— Лара! — торжественно объявляет Дима, поднимаясь с песка. — Тебе не обязательно мне платить, мне нравилось с тобой гулять. Но я больше не смогу быть твоим гидом. 

Я наклоняюсь вперёд, чтобы разглядеть лицо Макса, ищу на нём торжество и облегчение. Но очки снова скрывают правду, и я отступаю, сжимаюсь, как побитая собака. Меня только что выгнали из Анапы. Дима сделал быстрый и правильный выбор, он отверг меня за неискренность, и теперь я могу без зазрения совести ехать дальше. Могу прожить оставшуюся жизнь, старательно избегая слова «катарсис». 

Что ж… 

Я вытягиваюсь на песке и достаю деньги. 

— Ты был отличным гидом, самым необычным и забавным. Спасибо. — От приторной улыбки сводит скулы. Кладу деньги на его колено и ненавижу себя за неискренность перед единственным человеком, мнение которого меня волнует. Очень. 

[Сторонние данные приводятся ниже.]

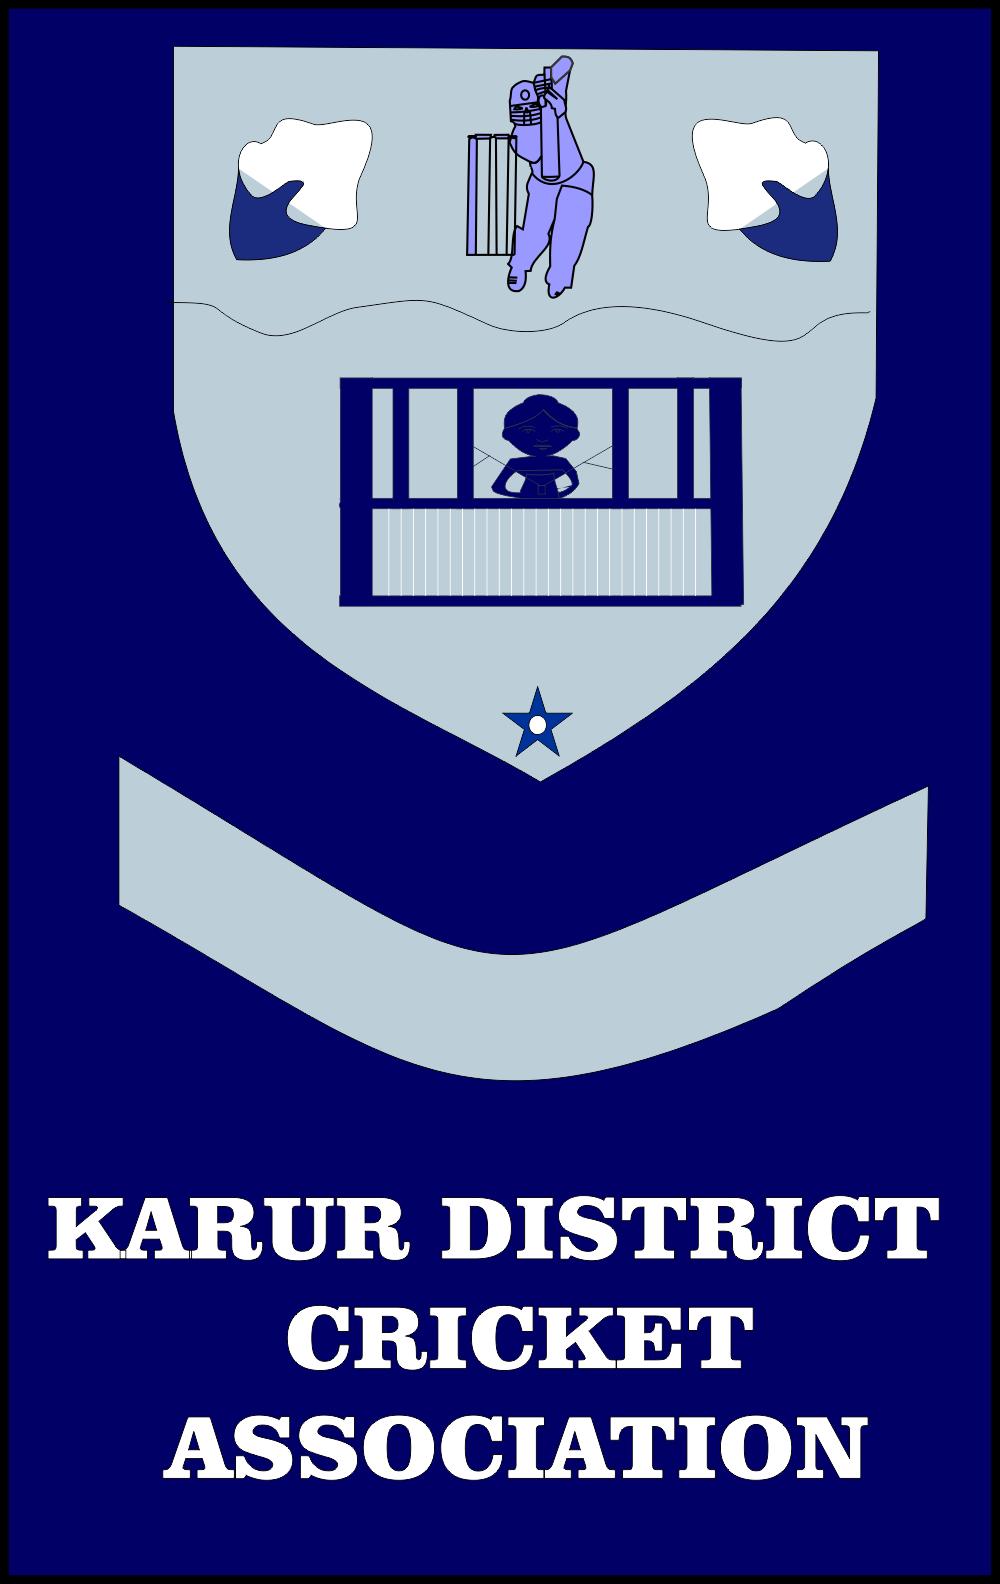 KARUR DISTRICT CRICKET ASSOCIATION
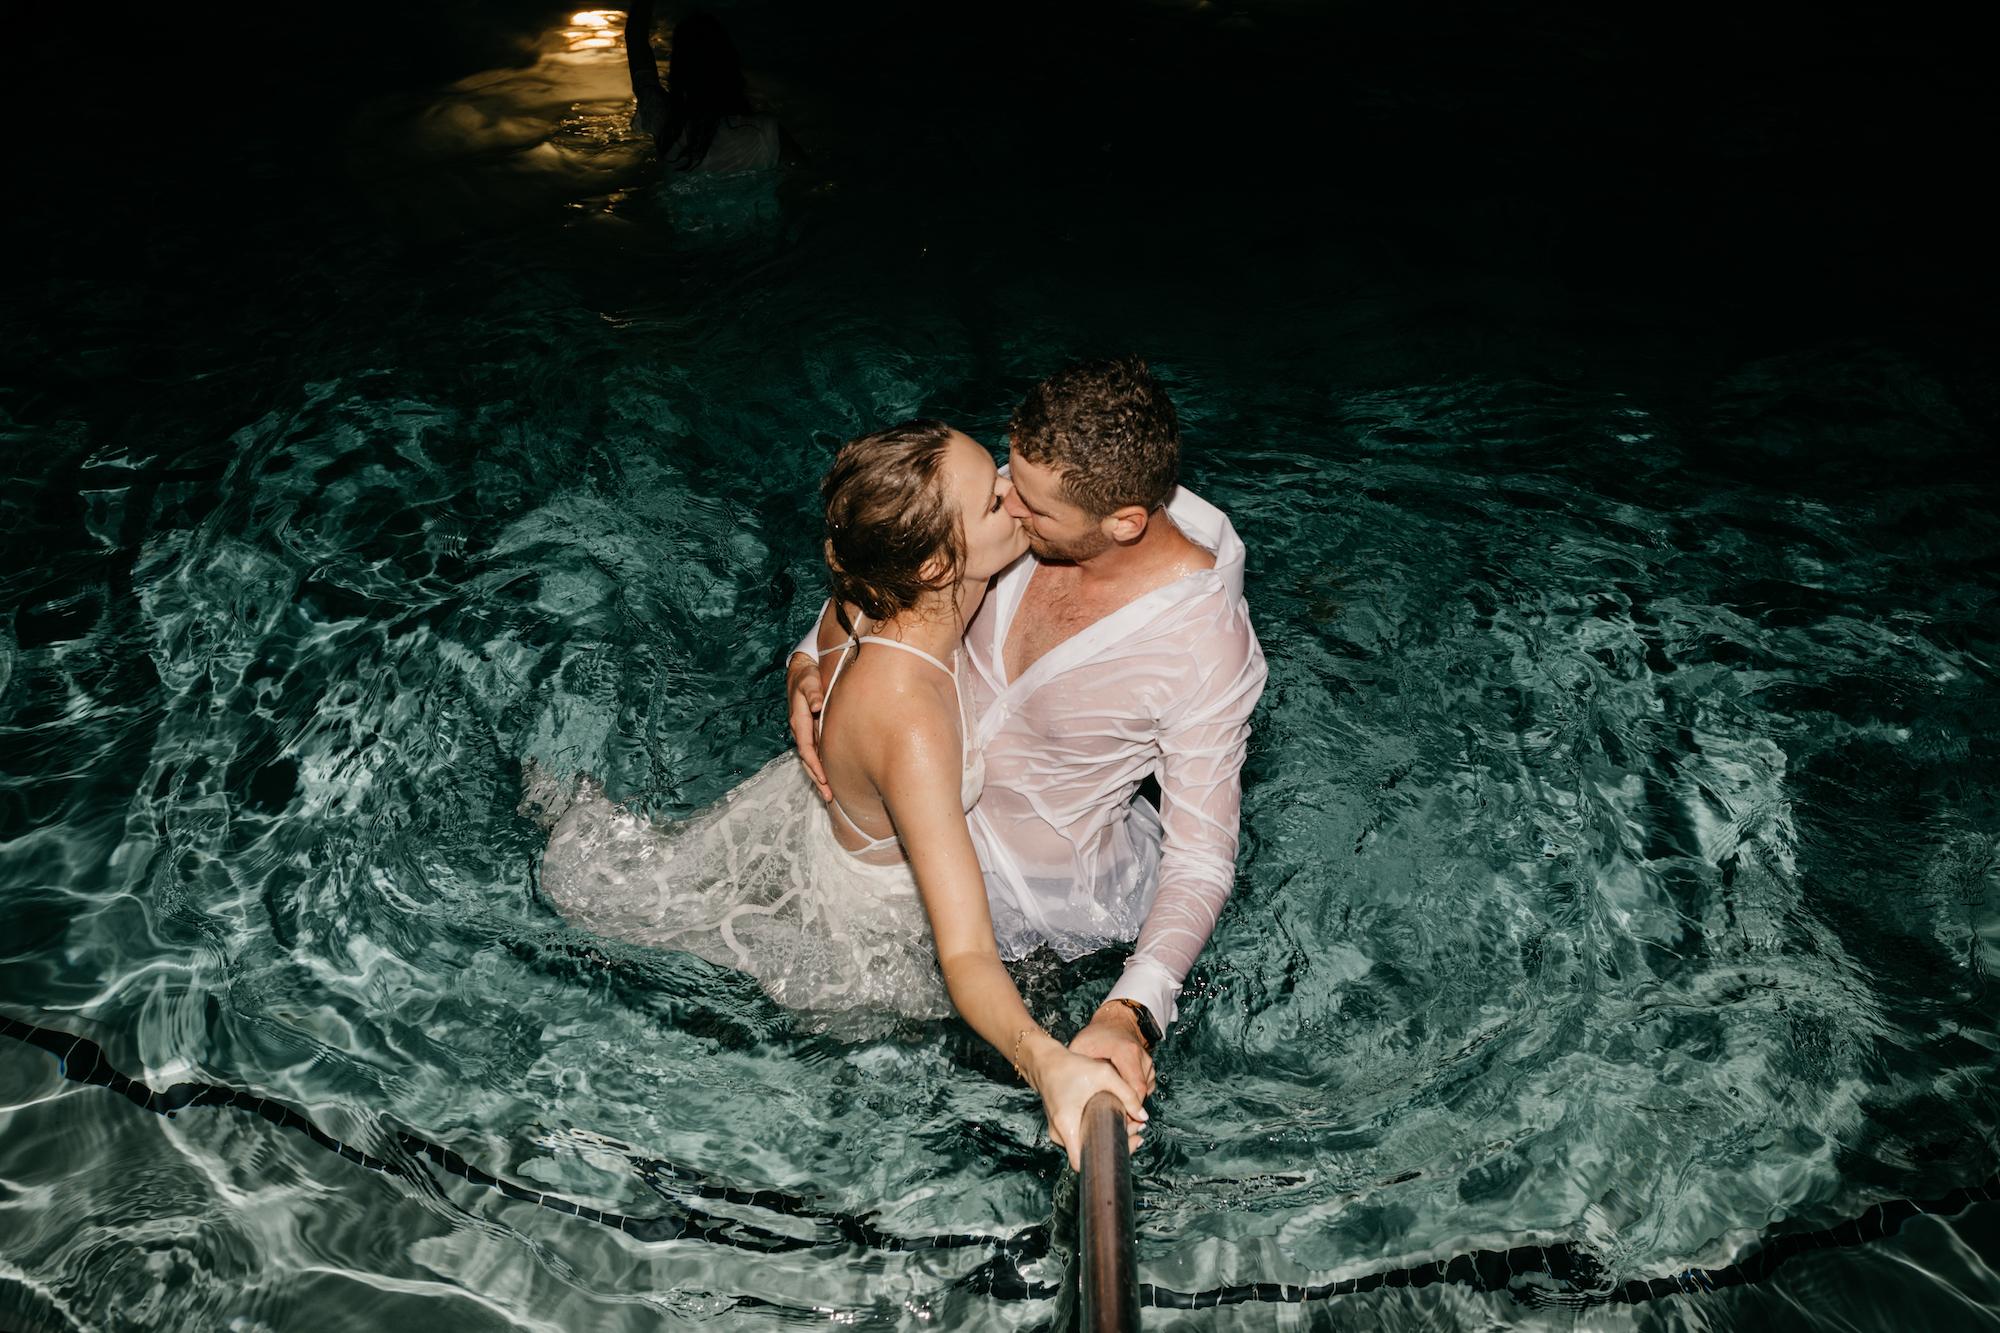 ace-hotel-palm-springs-wedding-photographer932.jpg

Дима смотрит на деньги и часто моргает, и тогда я неловко пытаюсь перевести тему. 

— Хорошо, что твоей бабушке уже лучше. Когда её отправят на реабилитацию, вы сможете увидеться. Ты ведь соскучился, да? — Повторяю «да» несколько раз, надеясь, что Дима подхватит эту тему, но он таращится на деньги и молчит. 

— Я устал, — выдаёт он, наконец, потом поднимается с песка и даёт знак следовать за ним. — Я хочу домой. 

Мы с готовностью идём следом, перешагивая через полотенца, игрушки и газеты. Я ловлю себя на мысли, что никогда не смогу ненавидеть Макса сильнее, чем в этот момент. Самое неприятное — то, что он прав: наша дружба с Димой всё равно должна закончиться, так почему бы не сейчас и почему бы не на правде. Макс поступил почти благородно: он сказал племяннику правду, и от этого у меня во рту появляется привкус желчи. 

Я ненавижу то, что он прав. 

Когда мы садимся в машину, Дима молча откидывается на сидении и закрывает глаза. Не успеваем выехать с парковки, как он кашляет, всего пару раз, но при этом морщится. Провожу рукой по его вспотевшему лбу и достаю пакет с ингаляторами. 

— Дима! Почему ты ничего не сказал?! — мой голос гремит, как жестянка. Макс снова паркуется и, выскочив из машины, открывает дверь и смотрит на племянника. 

— Мне было весело, не хотелось всё портить, — вяло объясняет тот. В пакете с ингаляторами я замечаю две полные бутылки воды. 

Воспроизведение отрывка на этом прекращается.